Он играет легче, смелее – впервые слыша свою вещь живой, падая в нее, как у ван Свитена падал в импровизацию. Он забывает о помпезности академии, забывает, что он – один из многих, чья задача – представить учителя. Это неважно, он сам идет над водопадом, слепой от солнечных искр. И он любит свою жестокую историю, а его герои еще живы – только во второй части, выстроенной совсем иначе, траурно и надрывно, они умрут, все до единого. Но пока они здесь, в музыке и за ее гранью.
Он играет для двух дипломатов, Ахилла и Патрокла. Играет для Сальери, хотя думал, что всю жизнь будет играть для Моцарта. Играет для Гайдна, которого нет, но который более не обидчик: ведь его, именно его мирным речам музыка обязана второй половиной, плачем по тем, кто, прошагав в блеске и славе, падает с пробитой грудью. Играет и для Безымянной, пусть даже нет, нет, это не ее душа, а скорее его собственная – беспокойная, бесприютная, вбирающая больше, чем способна выдержать, и жаждущая одного – но недостижимого.

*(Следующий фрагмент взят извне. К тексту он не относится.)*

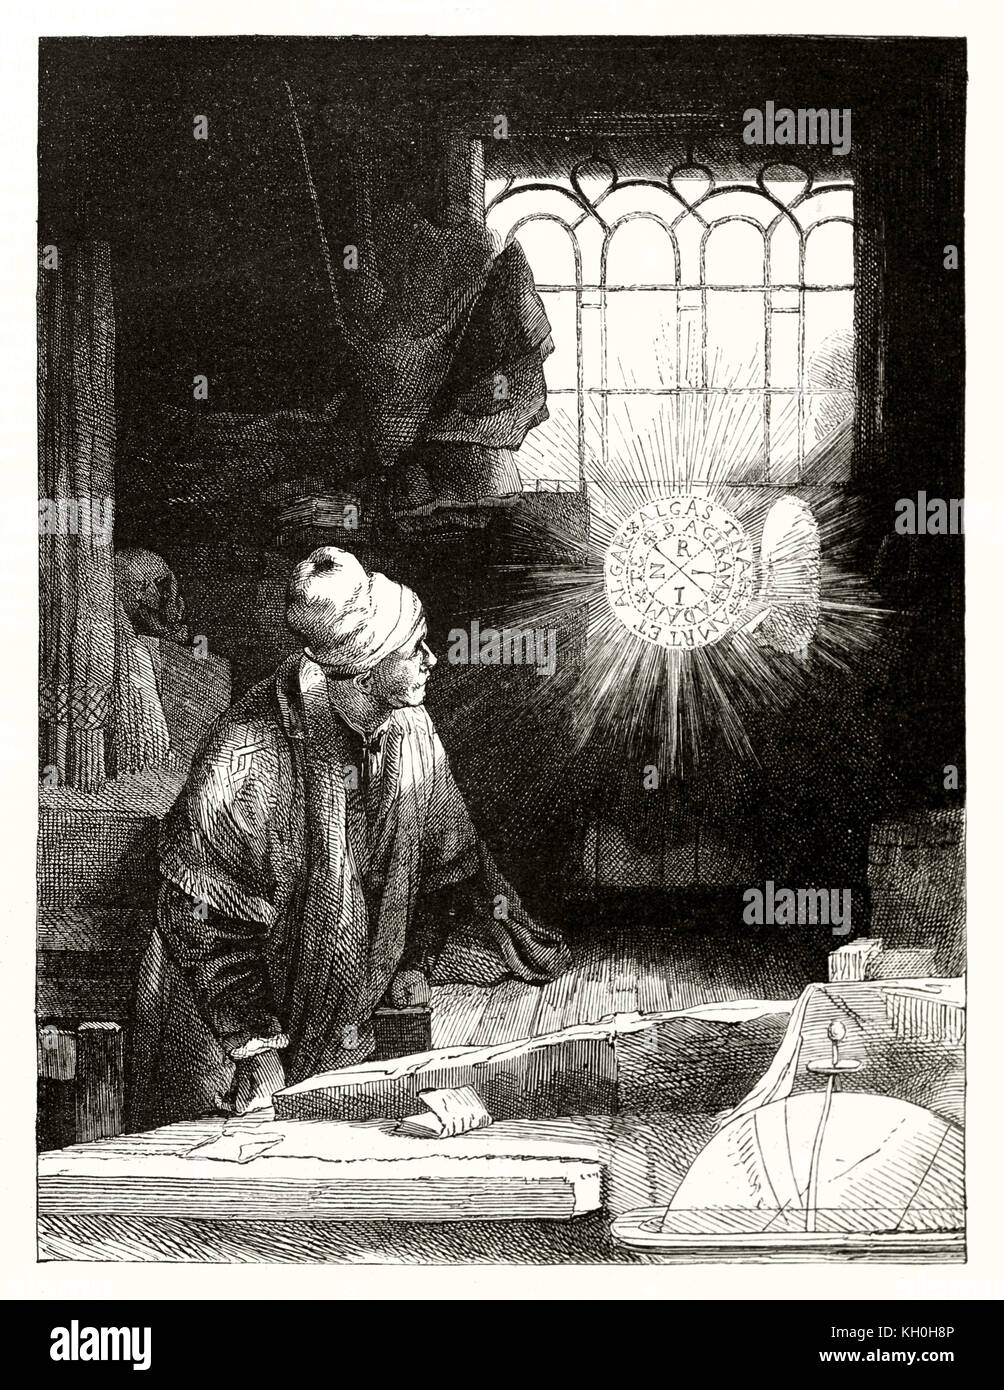 Alte graviert Reproduktion eines Radierung von Rembrandt, Doktor Faustus. Durch Marvy und Gouchar, Publ. Auf Magasin Pittoresque, Paris, 1847 Stockfoto

«Слушай меня, – взывает он, не смея более поднять глаз. – Слушай, будь здесь, будь где-нибудь в толпе… Бьянка, Гертруда, Бригитта, Адель, Камилла… приди… приди. Елена, Гвиневра, Жизель, Тереза, Эмилия, Луи…»
Людвиг не сразу осознает, когда что-то становится не так. Но последний слог легкого как перо женского имени холодит и давит, замирает на губах, замирает в мыслях – и дробится на сверкающие осколки. Луи… Луи! Музыка, ревя, предостерегая и приказывая, откликается из глаз, которые Людвигу особенно важны: какое упоение, какая гордость читается во всем облике и позе Сальери; как жадно тянется вперед ван Свитен; как остолбенели дипломаты и как заблестело от слез лицо дамы с нездоровым вишневым румянцем: она будто предчувствует вторую, траурную часть…
А Людвиг больше не слышит своей игры.
Он видит пальцы – смуглых призраков, взлетающих в лихорадочной пляске синкоп. Понимает, что не сбился и ему все так же потрясенно внемлют старики и молодежь, музыканты и профессора, знать и офицеры. Идут, как за Гамельнским крысоловом, не замечая, что дудочка выпала из рук; идут по ущелью, бесстрашно смотря вниз. Трепетно ждут: что будет, когда водопад примолкнет? Наступают друг другу на подолы, на пятки, толкаются плечами, схлестываются тенями – одна другой длиннее и страннее. Солнце уже горит багровым. Камней осыпается все больше, шлепаются вниз градом, и вода, прежде спокойная, встречает их воплями нестерпимой, но никому не заметной боли. Больно и Людвигу. Только он даже не понимает, что болит: сердце ли, горло, искусанные ли губы?
«Луиза!
Луиза…
Луи…»
Нет. Боль там, где страшнее всего. В ушах.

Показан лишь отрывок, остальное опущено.